● WORK ITEM
Retype the whole listing, please, keeping every line exact and dropping the pictures.

● GIVEN INFORMATION
>>>

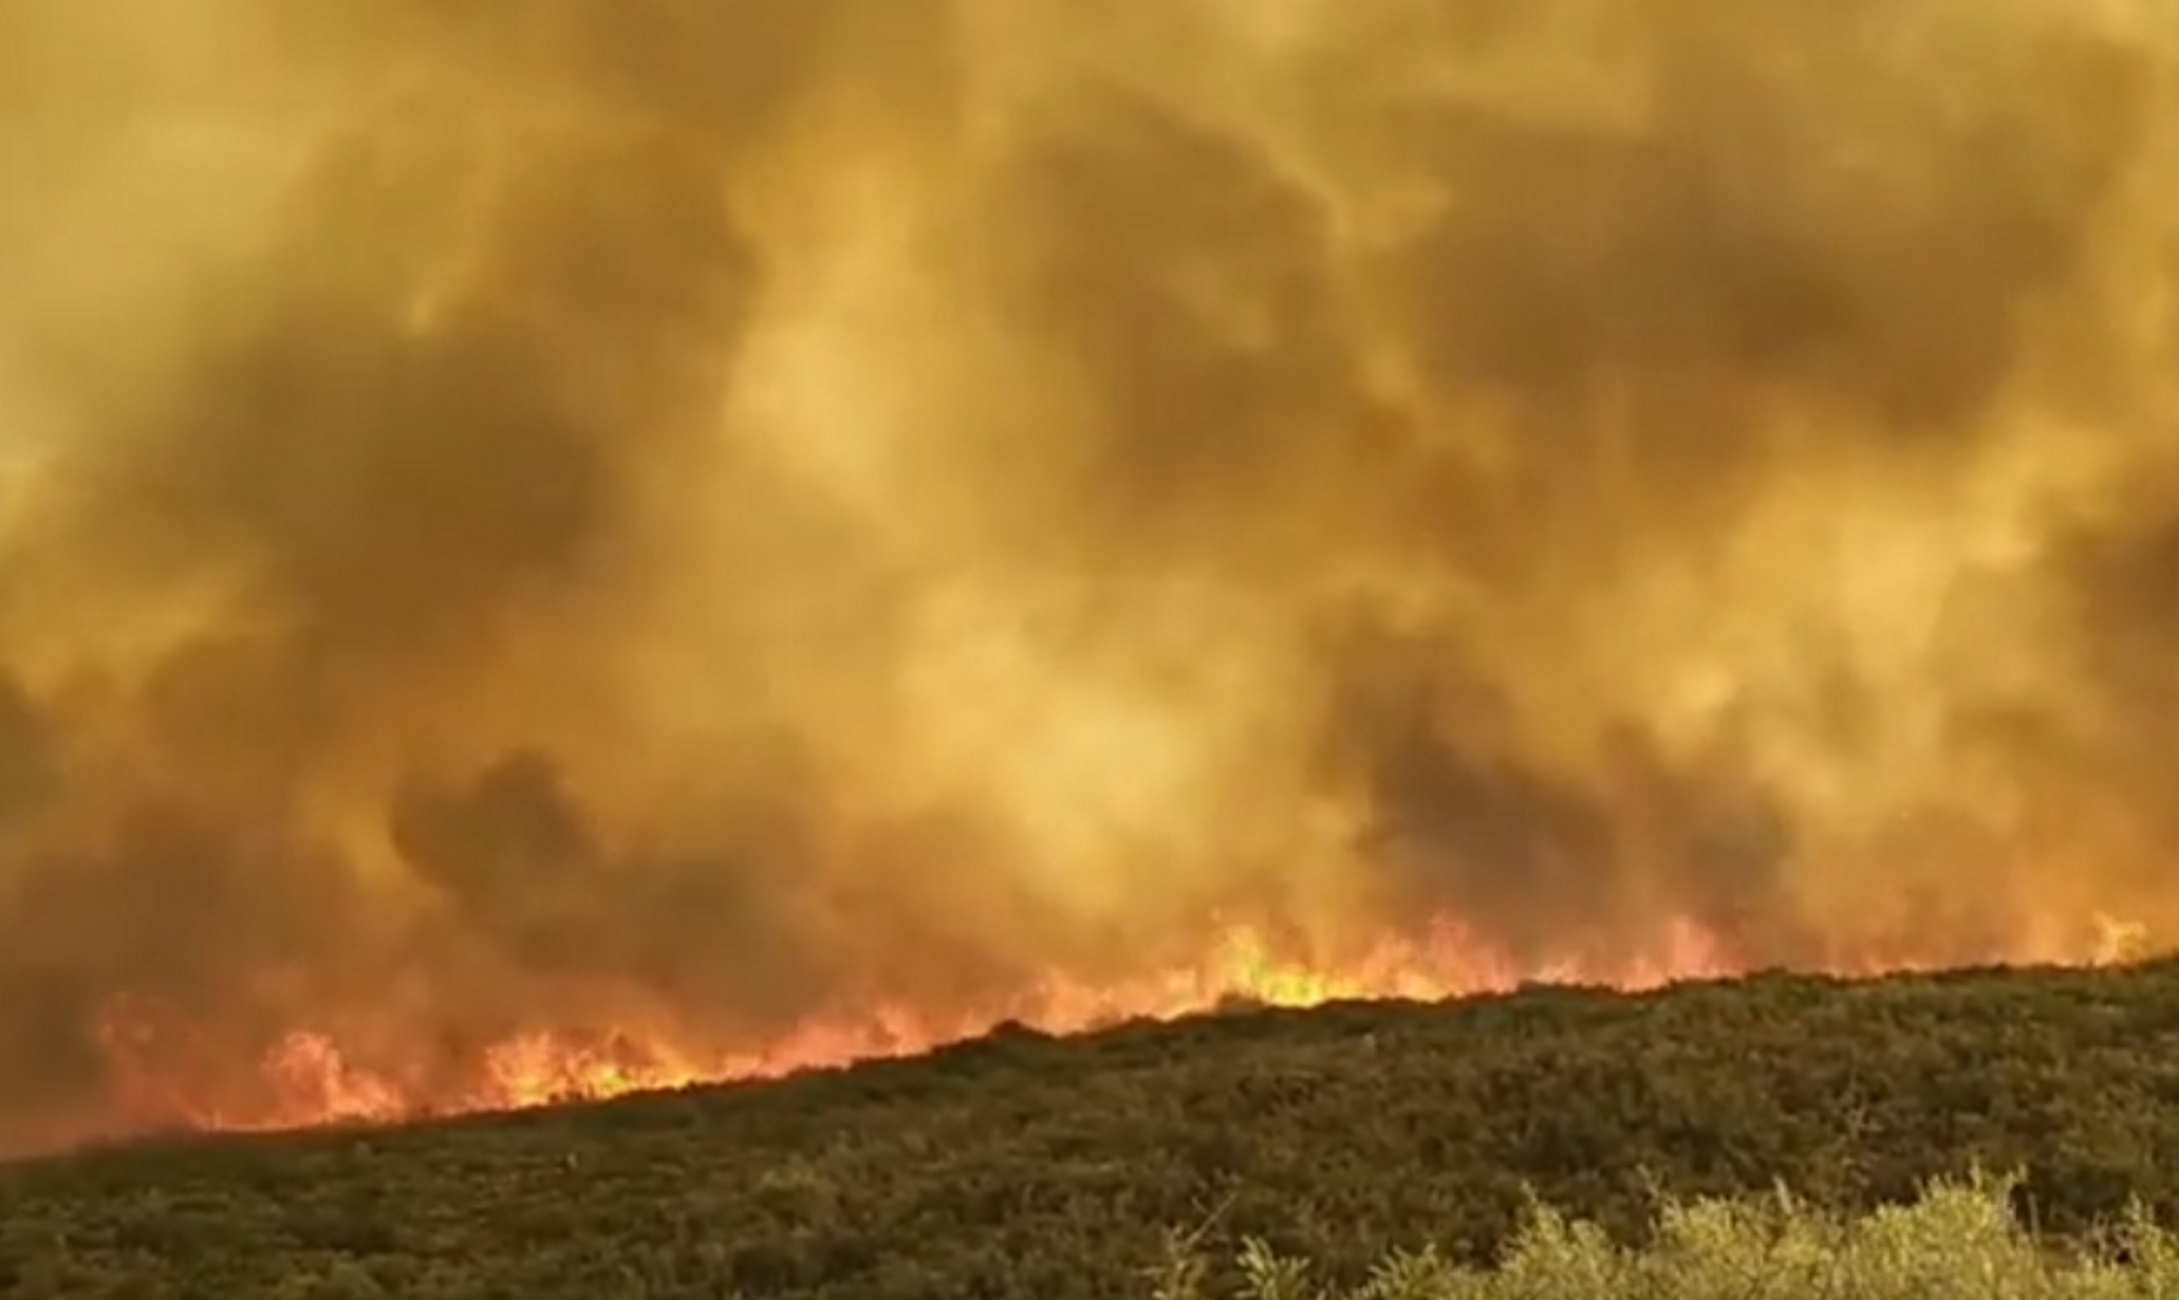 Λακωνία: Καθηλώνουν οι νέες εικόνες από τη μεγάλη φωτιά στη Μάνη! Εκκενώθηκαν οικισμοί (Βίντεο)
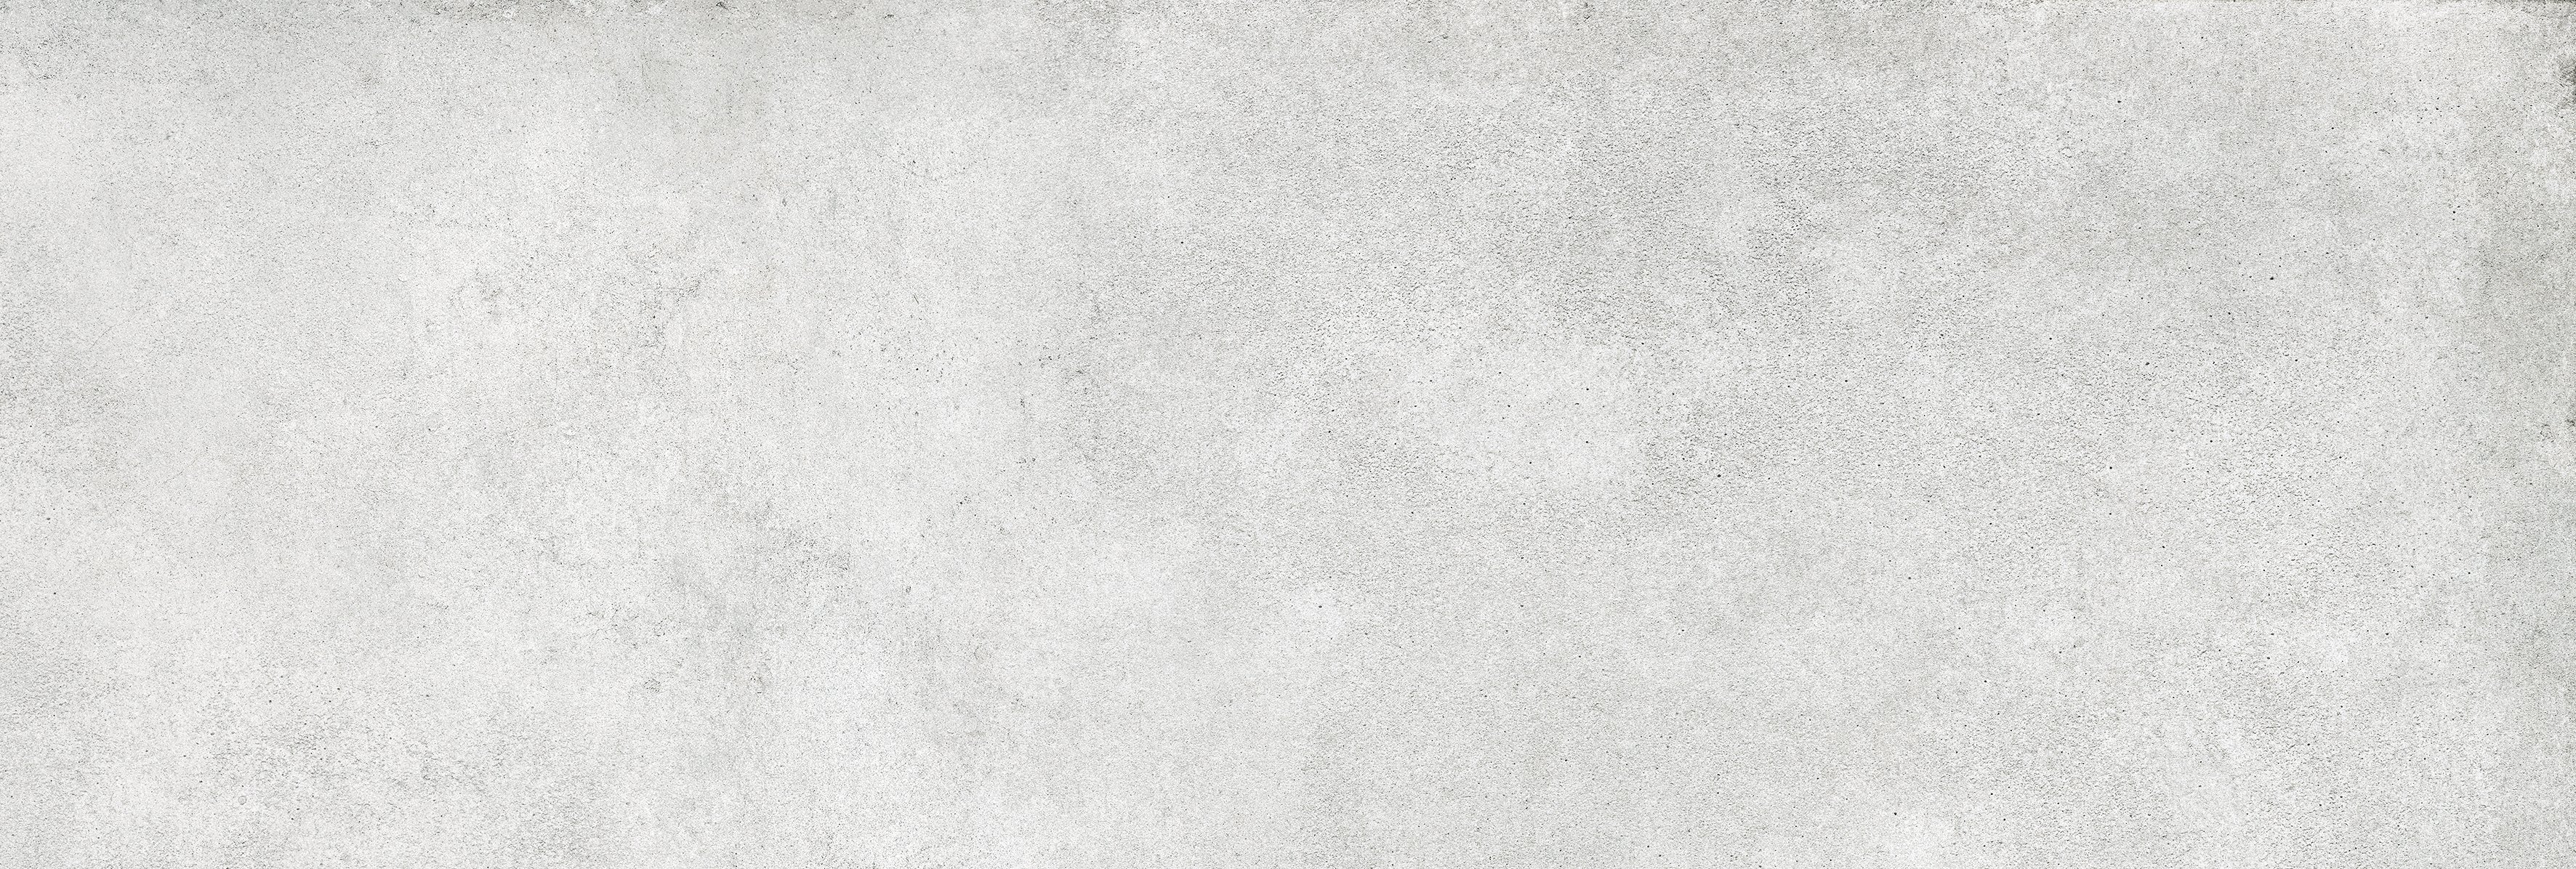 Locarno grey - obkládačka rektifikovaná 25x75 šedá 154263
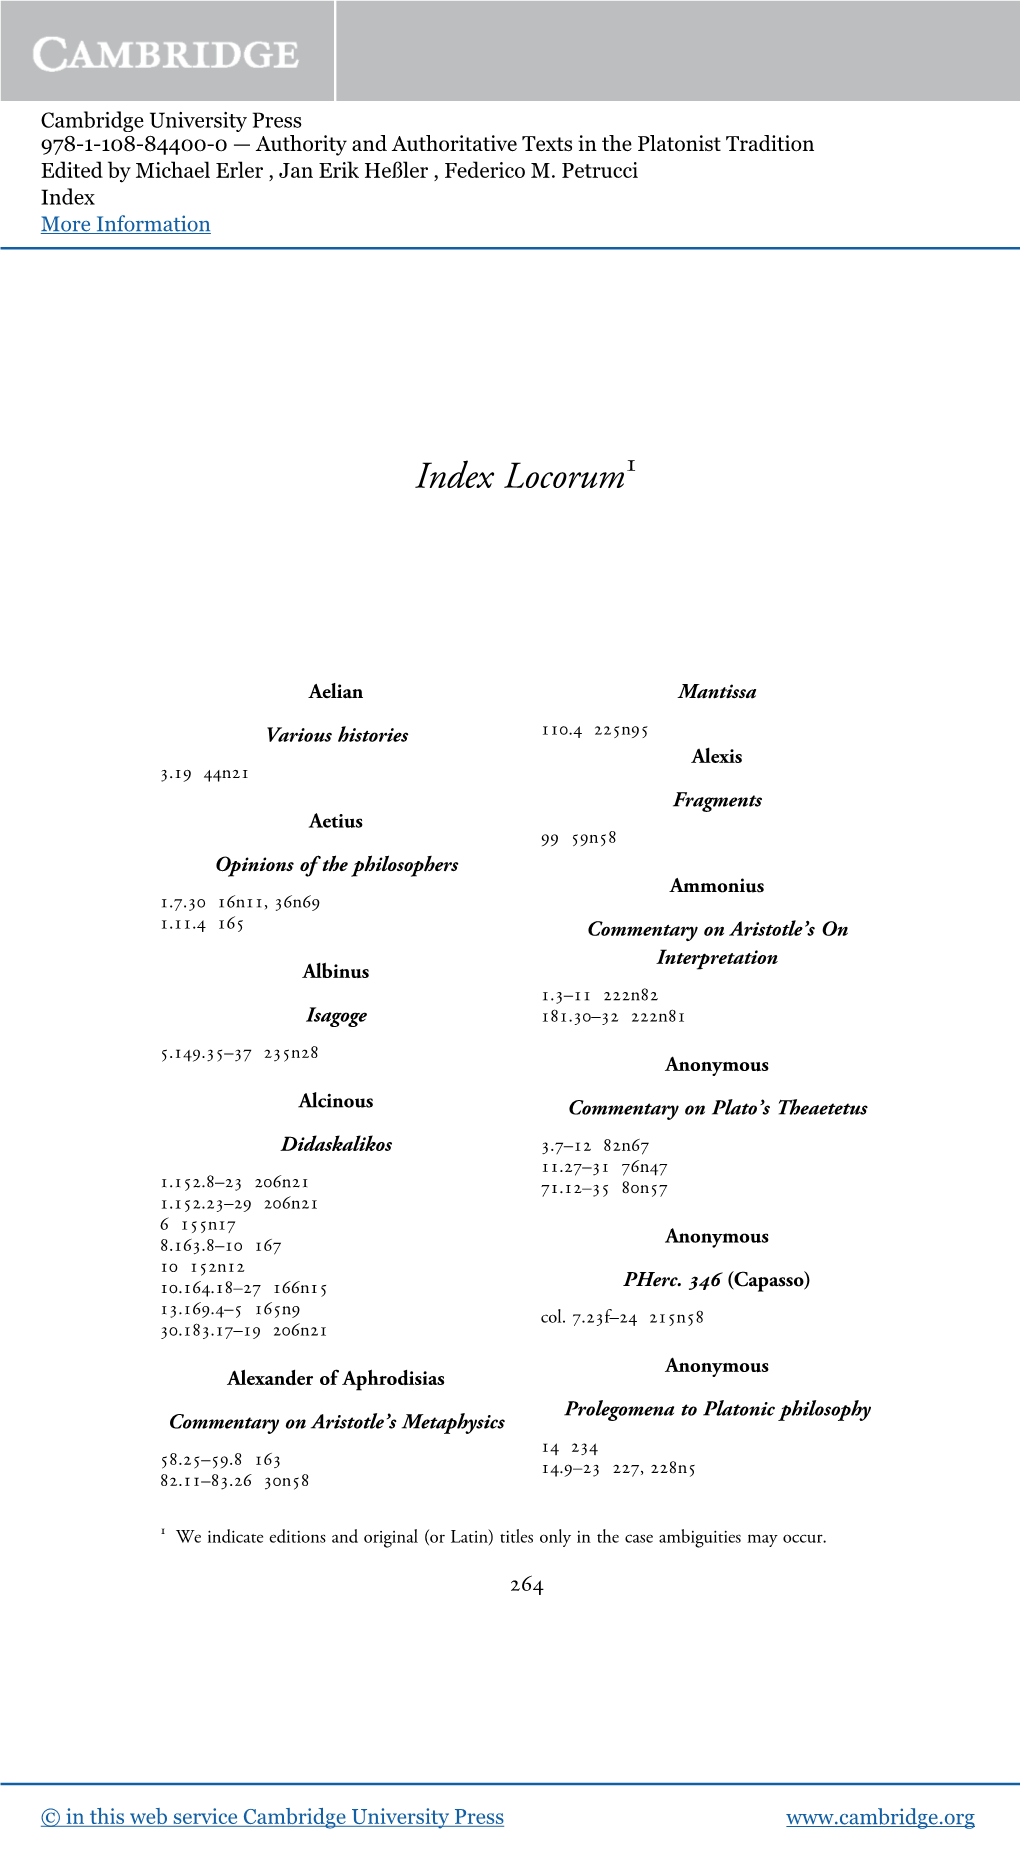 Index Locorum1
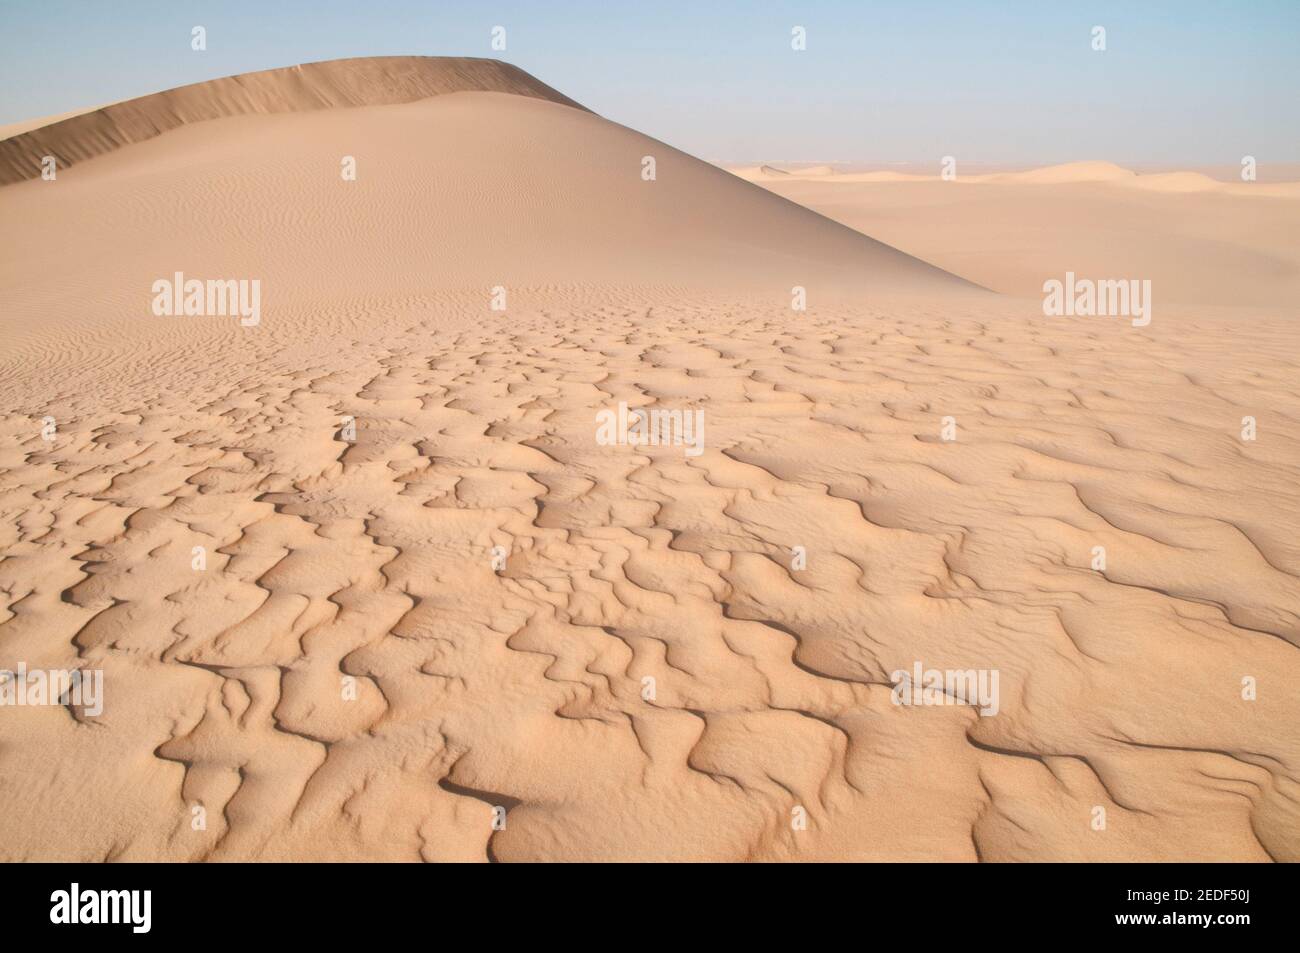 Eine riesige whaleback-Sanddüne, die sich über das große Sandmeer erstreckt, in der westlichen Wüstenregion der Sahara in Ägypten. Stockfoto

<<<

● RESPONSE
 Λακωνία: Καθηλώνουν οι νέες εικόνες από τη μεγάλη φωτιά στη Μάνη! Εκκενώθηκαν οικισμοί (Βίντεο)
 Locarno grey - obkládačka rektifikovaná 25x75 šedá 154263
 Index Locorum1
 Eine riesige whaleback-Sanddüne, die sich über das große Sandmeer erstreckt, in der westlichen Wüstenregion der Sahara in Ägypten. Stockfoto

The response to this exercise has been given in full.